Chapter 5.3: Trees & Special Graphs
Trees are graphs with a special structure that enables elegant and efficient algorithms. This chapter covers tree traversals, and one of the most important data structures in competitive programming: Union-Find (also called Disjoint Set Union or DSU).
5.3.1 Tree Traversals
Given a rooted tree, there are three classic ways to visit every node with DFS:
- Pre-order: Visit node, then children (node before subtree)
- In-order: Visit left child, node, right child (only for binary trees)
- Post-order: Visit children, then node (subtree before node)
#include <bits/stdc++.h>
using namespace std;
const int MAXN = 100001;
vector<int> children[MAXN];
// Pre-order: parent before children (useful for computing subtree info top-down)
void preorder(int u) {
cout << u << " "; // process u first
for (int v : children[u]) preorder(v);
}
// Post-order: children before parent (useful for subtree aggregation bottom-up)
void postorder(int u) {
for (int v : children[u]) postorder(v);
cout << u << " "; // process u after all children
}
// Calculate subtree size (post-order style)
int subtreeSize[MAXN];
void calcSize(int u) {
subtreeSize[u] = 1; // start with just this node
for (int v : children[u]) {
calcSize(v);
subtreeSize[u] += subtreeSize[v]; // add child subtree sizes
}
}
// Calculate depth of each node (pre-order style)
int depth[MAXN];
void calcDepth(int u, int d) {
depth[u] = d;
for (int v : children[u]) {
calcDepth(v, d + 1);
}
}
int main() {
ios_base::sync_with_stdio(false);
cin.tie(NULL);
int n;
cin >> n;
for (int i = 2; i <= n; i++) {
int p; cin >> p;
children[p].push_back(i);
}
cout << "Pre-order: ";
preorder(1);
cout << "\n";
cout << "Post-order: ";
postorder(1);
cout << "\n";
calcSize(1);
cout << "Subtree sizes: ";
for (int i = 1; i <= n; i++) cout << subtreeSize[i] << " ";
cout << "\n";
calcDepth(1, 0);
cout << "Depths: ";
for (int i = 1; i <= n; i++) cout << depth[i] << " ";
cout << "\n";
return 0;
}
5.3.2 Lowest Common Ancestor (LCA) — Naive
The LCA of two nodes u and v is the deepest node that is an ancestor of both.

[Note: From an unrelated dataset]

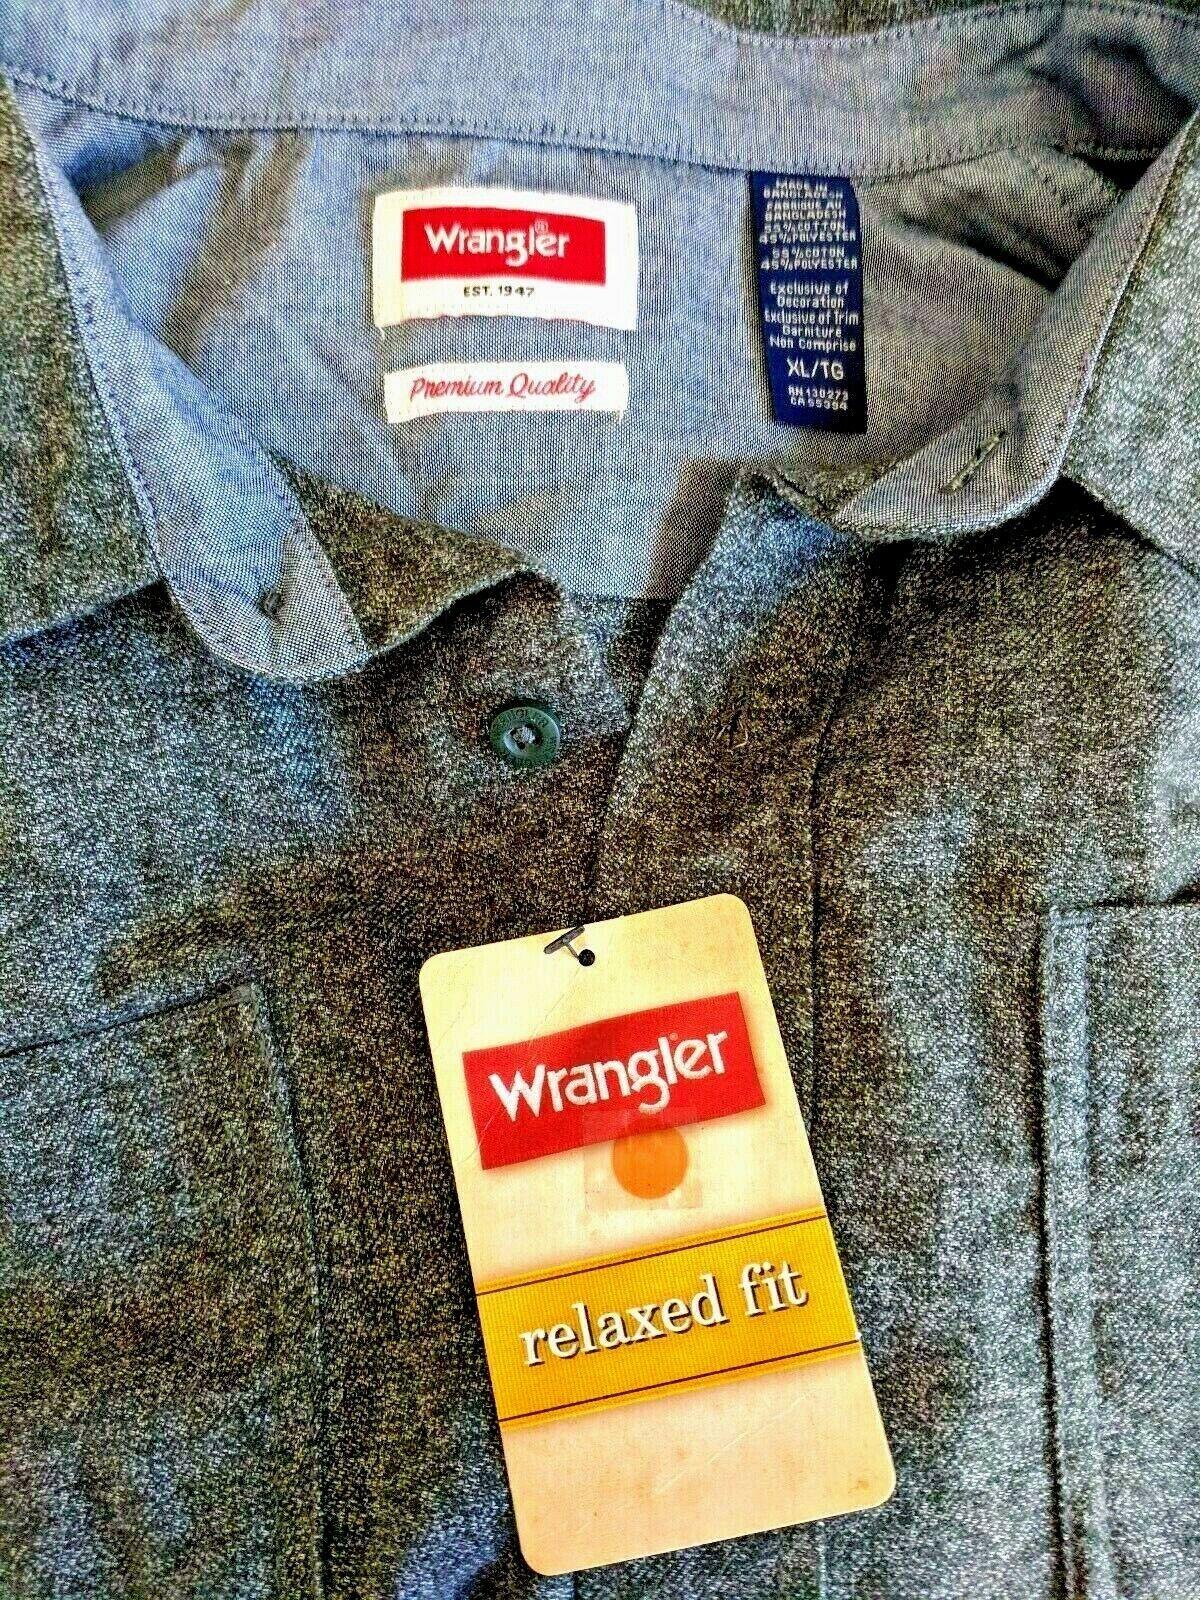 NWT...Men s XL/TG Wrangler Premium Quality , Relaxed Fit, Long Sleeve Shirt - $13.99
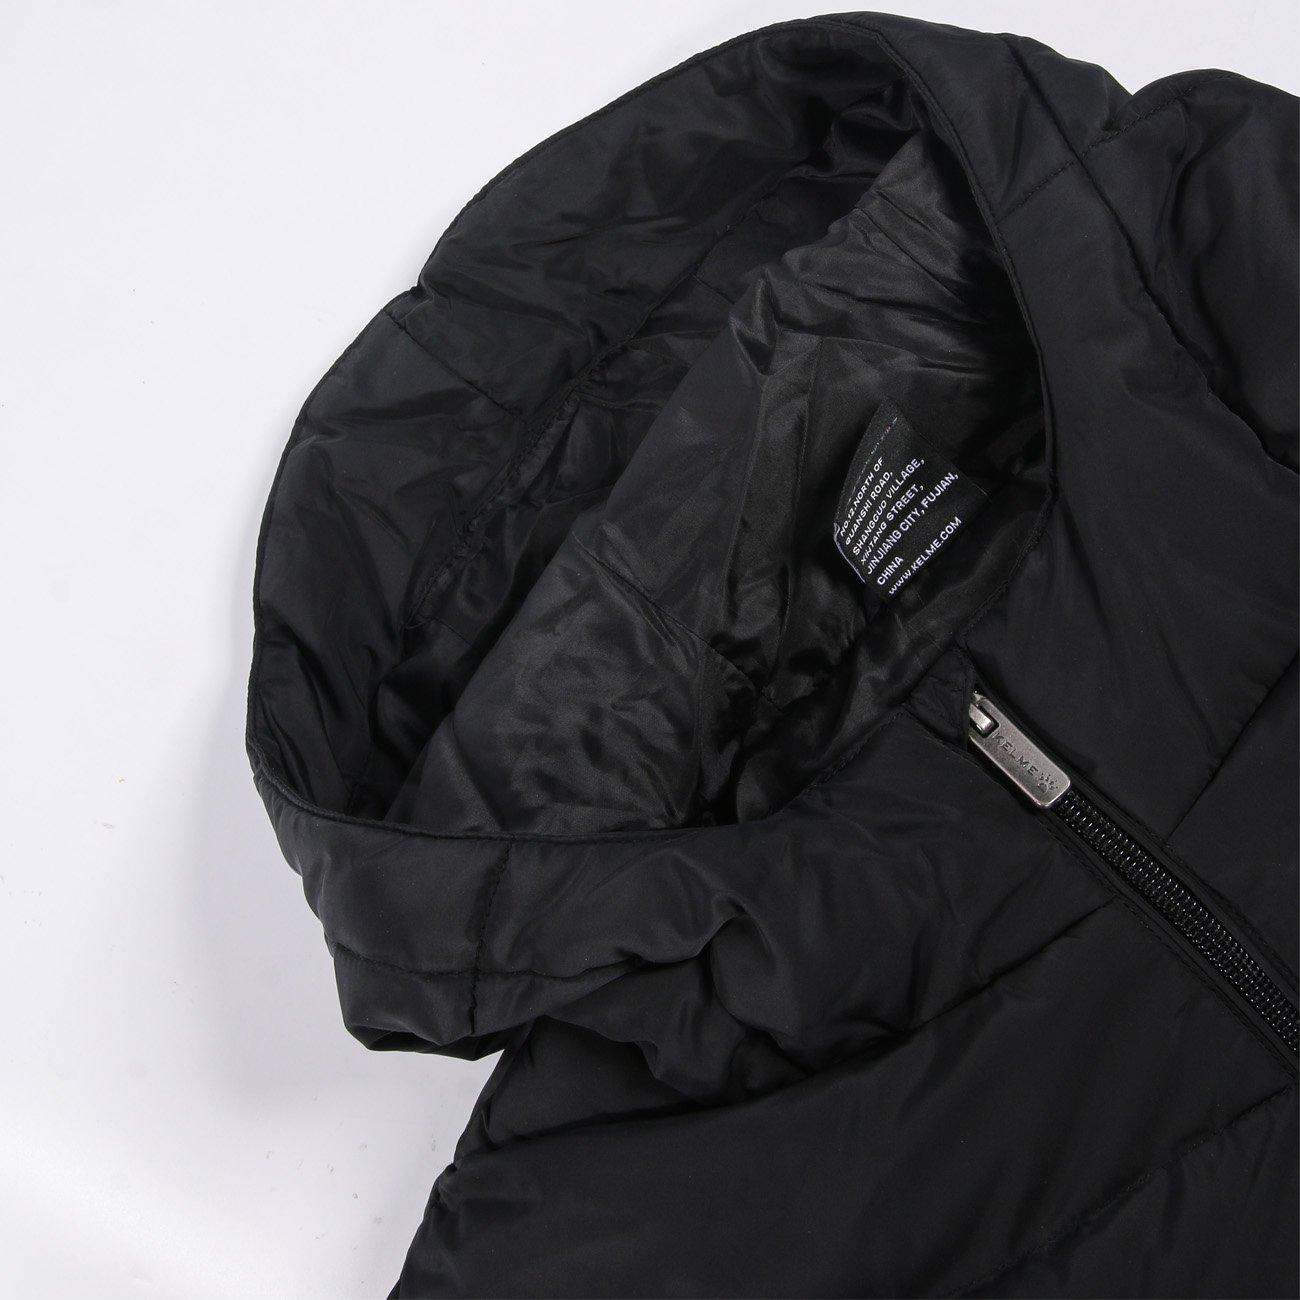 KELME Hombre Chaqueta Abrigo Resistente al Viento Coat ...

For small trees, a naive approach: march both nodes up to the root, find where they first meet.
Naive LCA 向上爬升过程示意:
flowchart TD
subgraph tree["树结构(根节点=1)"]
N1(["1\ndepth=0"])
N2(["2\ndepth=1"])
N3(["3\ndepth=1"])
N4(["4\ndepth=2"])
N5(["5\ndepth=2"])
N6(["6\ndepth=3"])
N1 --> N2
N1 --> N3
N2 --> N4
N2 --> N5
N4 --> N6
end
subgraph lca["LCA(6, 5) 求解过程"]
direction LR
S1["u=6, v=5\ndepth[6]=3, depth[5]=2"] -->|"u上移至同深度"| S2
S2["u=4, v=5\ndepth相同=2"] -->|"u≠v,同步上移"| S3
S3["u=2, v=2\nu==v → LCA=2 ✓"]
end
style S3 fill:#dcfce7,stroke:#16a34a
💡 关键步骤: ① 先将深度较大的节点上移至与另一节点同深度;② 再同步上移直到两节点相遇,相遇点即为 LCA。
#include <bits/stdc++.h>
using namespace std;
int parent[100001];
int depth_arr[100001];
// Naive LCA: walk both nodes up until they meet — O(depth) per query
int lca(int u, int v) {
while (depth_arr[u] > depth_arr[v]) u = parent[u]; // bring u up to same depth as v
while (depth_arr[v] > depth_arr[u]) v = parent[v]; // bring v up to same depth as u
while (u != v) { // now both at same depth; walk up together
u = parent[u];
v = parent[v];
}
return u;
}
For Silver problems, naive LCA (O(N) per query) is often sufficient. Gold uses binary lifting (O(log N) per query).
Binary Lifting 祖先表构建示意:
flowchart LR
subgraph anc0["anc[v][0](直接父节点)"]
direction TB
v6a(["6"]) -->|"父"| v4a(["4"])
v4a -->|"父"| v2a(["2"])
v2a -->|"父"| v1a(["1"])
end
subgraph anc1["anc[v][1](2¹=2级祖先)"]
direction TB
v6b(["6"]) -->|"2级祖先"| v2b(["2"])
v4b(["4"]) -->|"2级祖先"| v1b(["1"])
end
subgraph anc2["anc[v][2](2²=4级祖先)"]
direction TB
v6c(["6"]) -->|"4级祖先"| v1c(["1"])
end
anc0 -->|"anc[v][k] = anc[anc[v][k-1]][k-1]"| anc1
anc1 --> anc2
style anc2 fill:#f0f4ff,stroke:#4A6CF7
💡 倍增思想:
anc[v][k]= v 的 2^k 级祖先 = v 的 2^(k-1) 级祖先的 2^(k-1) 级祖先。查询时将深度差分解为二进制,每次跳 2^k 步,共 O(log N) 步。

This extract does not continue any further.